▸ **TASK INSTRUCTIONS**:
Write out, without any change, the lines in the material below that run from the line with "Chinese Proverb Quote" through the line with "Mirystock Bridge wooden", both included.

▸ **PROVIDED DATA**:
+++
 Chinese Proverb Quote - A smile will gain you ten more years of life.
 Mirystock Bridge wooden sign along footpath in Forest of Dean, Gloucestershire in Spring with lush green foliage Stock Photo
+++
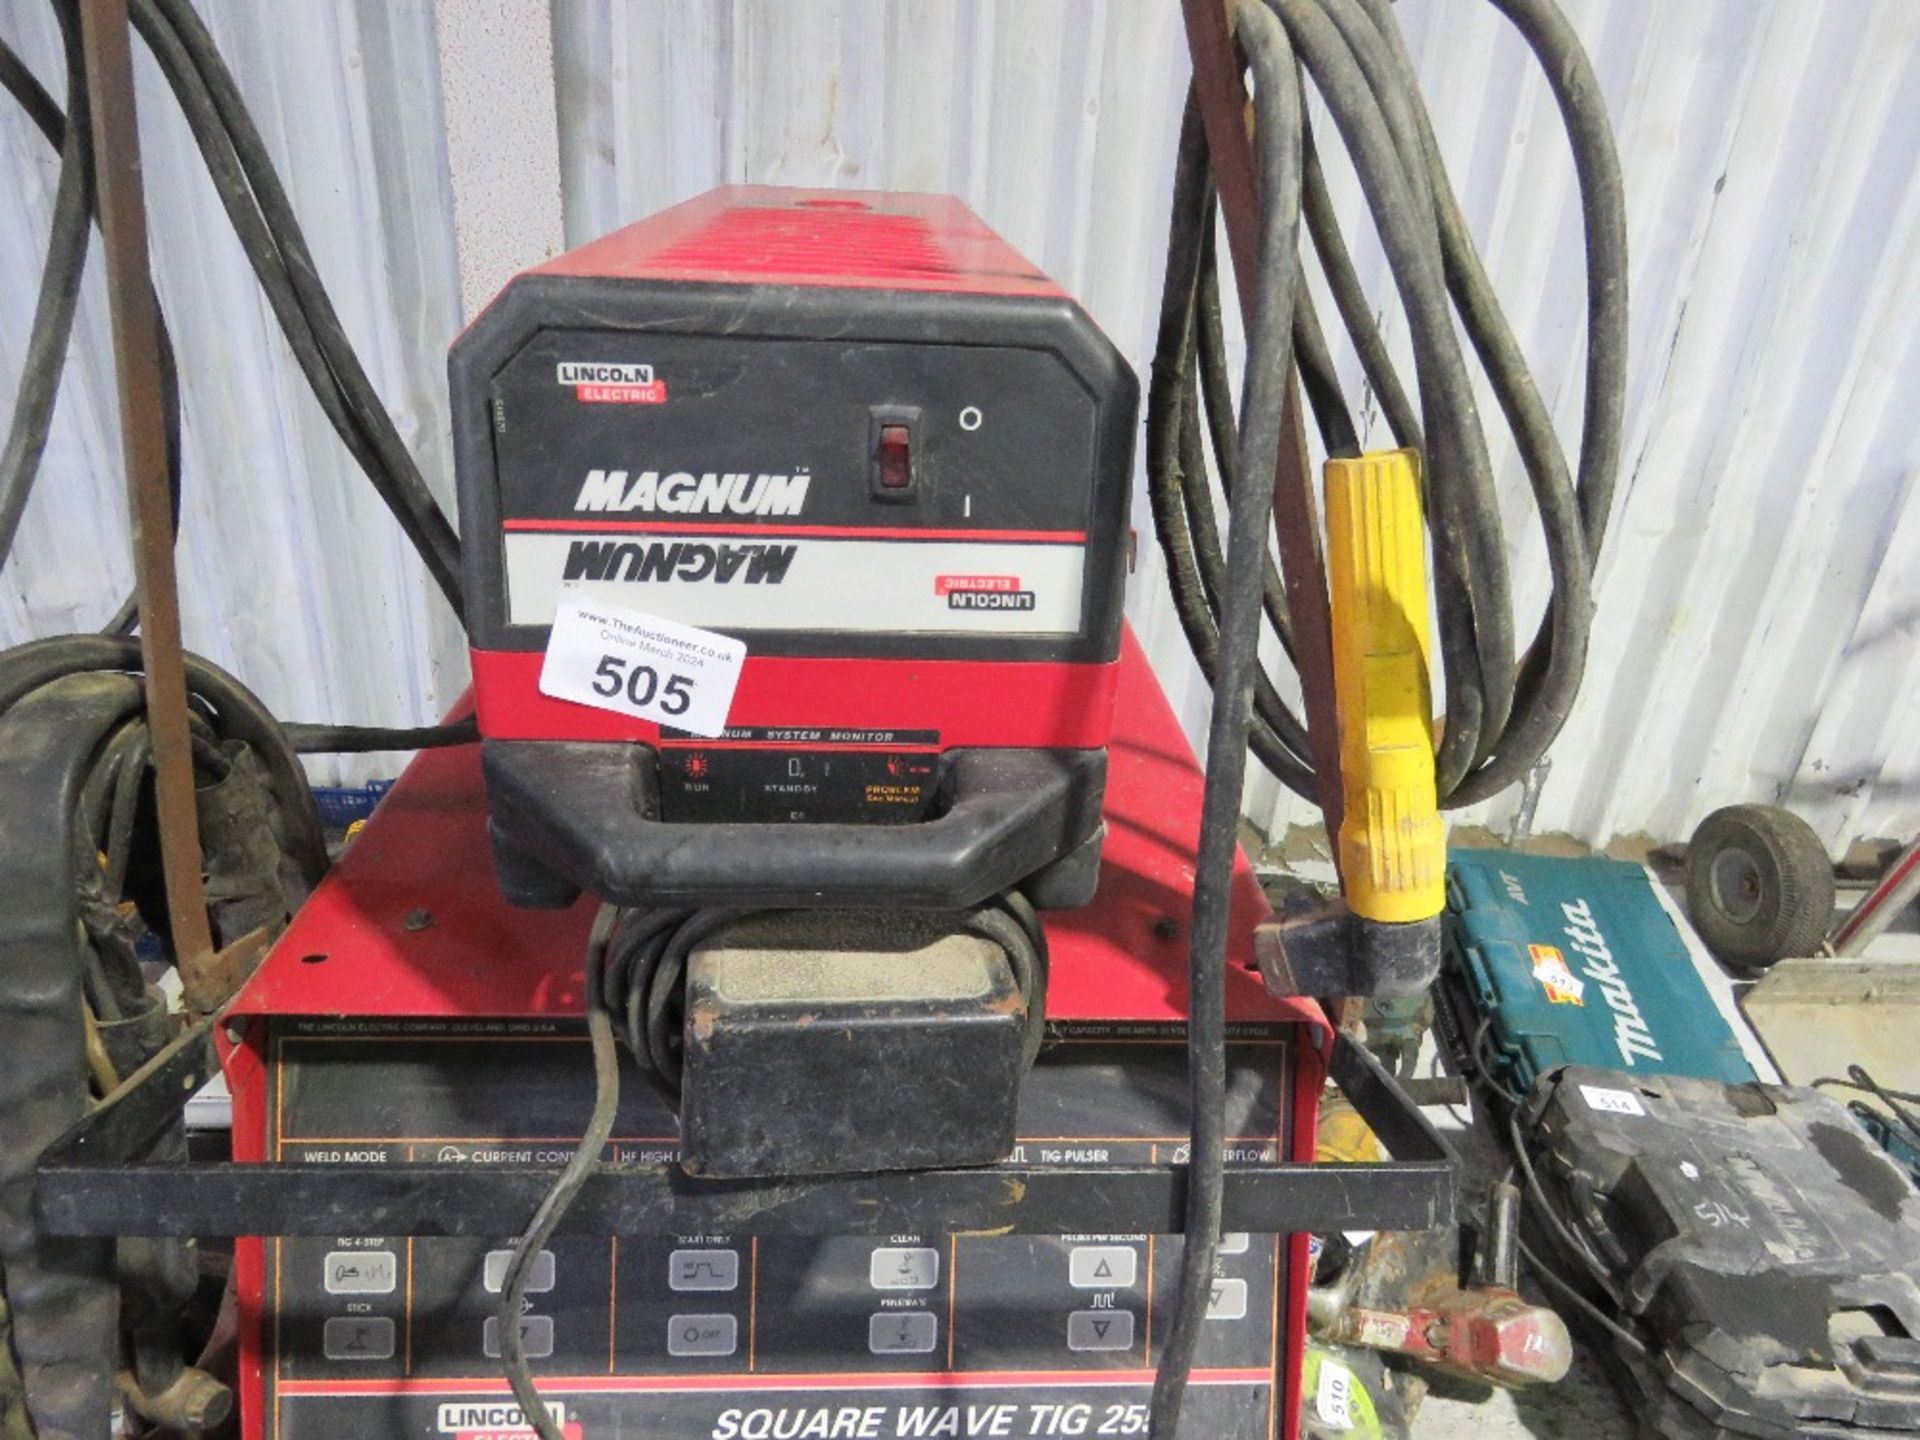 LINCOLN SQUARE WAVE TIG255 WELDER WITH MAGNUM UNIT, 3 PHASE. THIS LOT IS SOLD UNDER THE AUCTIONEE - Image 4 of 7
+++
▸ **ANSWER TO THIS TASK**:
 Chinese Proverb Quote - A smile will gain you ten more years of life.
 Mirystock Bridge wooden sign along footpath in Forest of Dean, Gloucestershire in Spring with lush green foliage Stock Photo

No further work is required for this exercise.